摇光忍住笑,接住她递过来的大书一字字念道:“春怀引----
芳蹊密影成花洞,柳结浓烟香带重。
蟾蜍碾玉挂明弓,捍拔装金打仙凤。
宝枕垂云选春梦,钿合碧寒龙脑冻。
阿侯系锦觅周郎,凭仗东风好相送。”
念完翻到封面一瞧,拍拍她的小脸问:“是夫子布置的功课吗?四书都念不全呢,哪个准你们读乐府了?”
结绿伸伸舌头皱着鼻子笑:“我最听话了。是哥哥乱翻书,被我偷偷拿来啦。”
摇光失笑道:“哥哥丢了书要着急的。结绿是好孩子,会还给他的对不对?”
结绿点点头:“嗯。可是他也拿我的东西,还把墨汁故意洒在我的新衣服上,我有时候不喜欢他。喜欢的时候,我再还给他。”

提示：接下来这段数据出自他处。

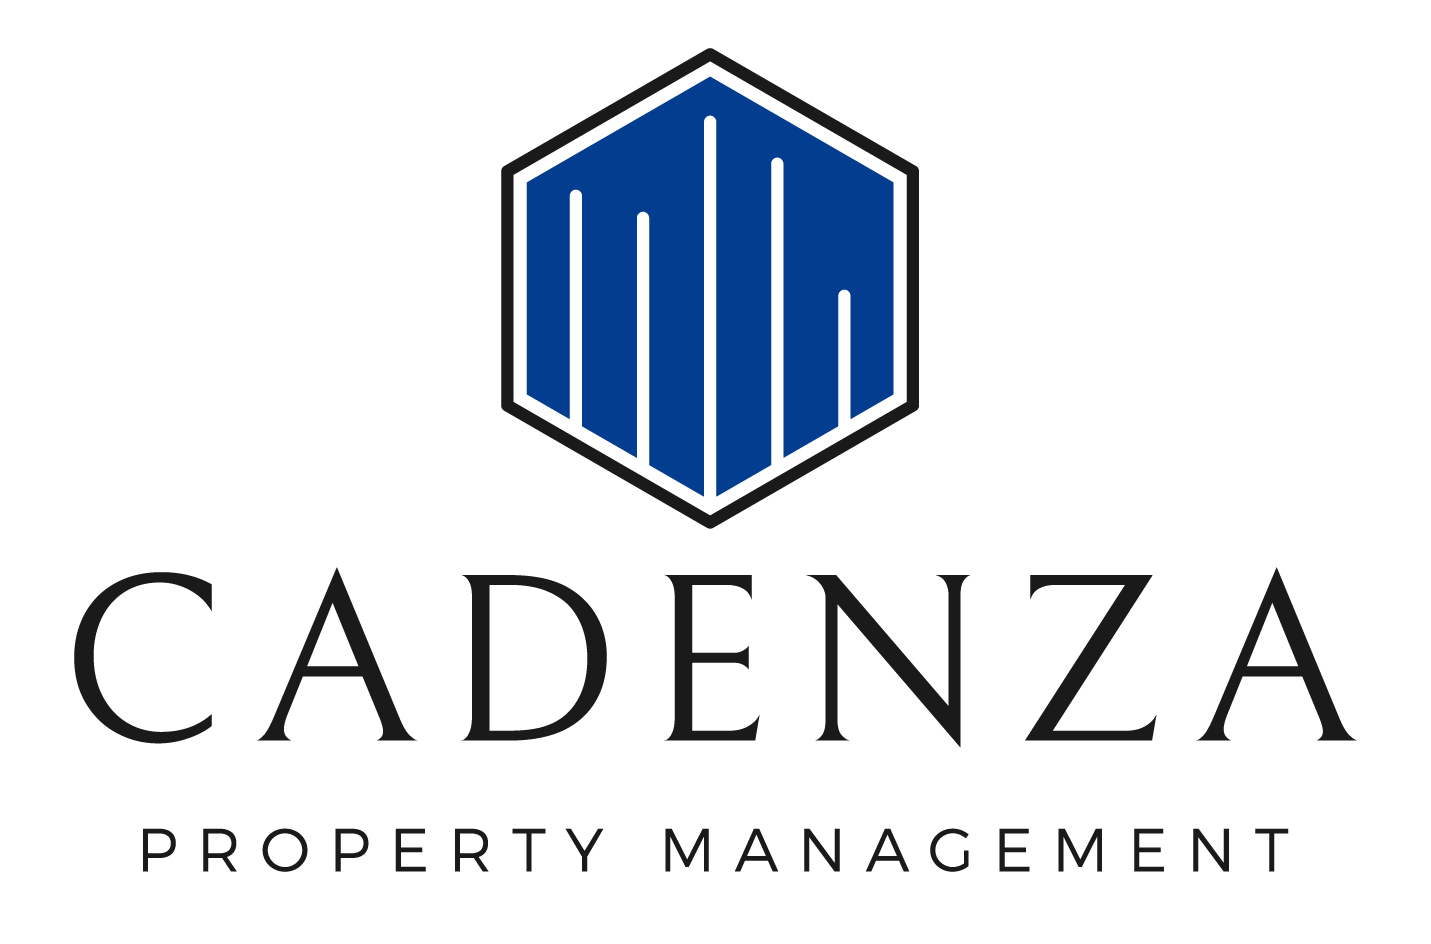 Cadenza Property Management logo
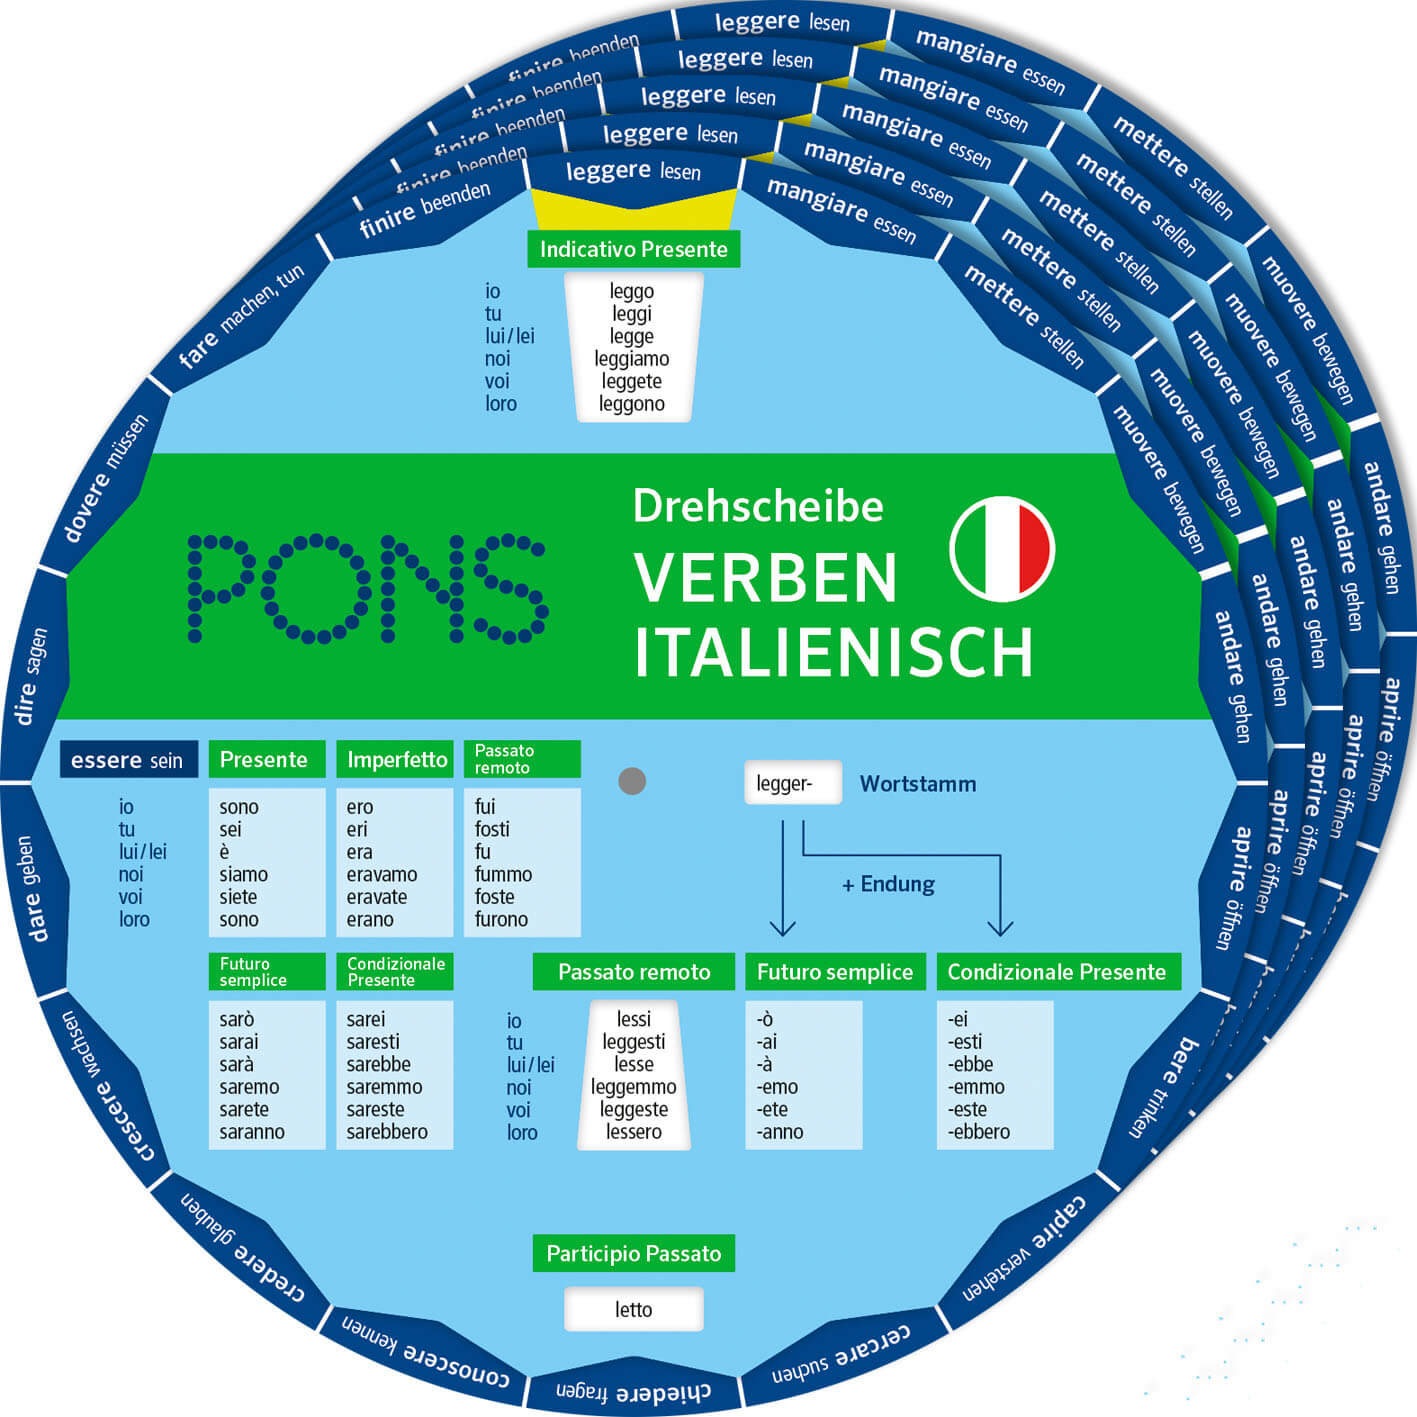 Verben-Drehscheibe Italienisch, Pons 5er-Set, SPEZIALBESTELLUNG!

摇光拉拉她的小辫子说:“呀,头发乱了,孃孃帮你梳回去。梳了头,结绿就会喜欢哥哥了。”
结绿将信将疑,想不出那个烦人的哥哥和梳头有什么关系。但她乖巧地转过身说:“好吧。孃孃你轻一点,不要像郑妈妈,每天梳头都把我弄得很疼。”
摇光拔下发间玉梳说:“放心吧,孃孃的梳子梳头不疼的。知道为什么吗?因为这梳子是我的哥哥给我的。”
结绿咯咯笑起来:“不对,孃孃骗人。梳子是三叔给你的,我从门缝里都看见了。你们在房间里说话,是哥哥带我去看的。”
摇光难为情地揪揪她耳垂:“小坏蛋,哥哥做什么都想着带上你,你怎么还说不喜欢他?他听见了要伤心的。他伤心了以后不带你玩,你会不会伤心?”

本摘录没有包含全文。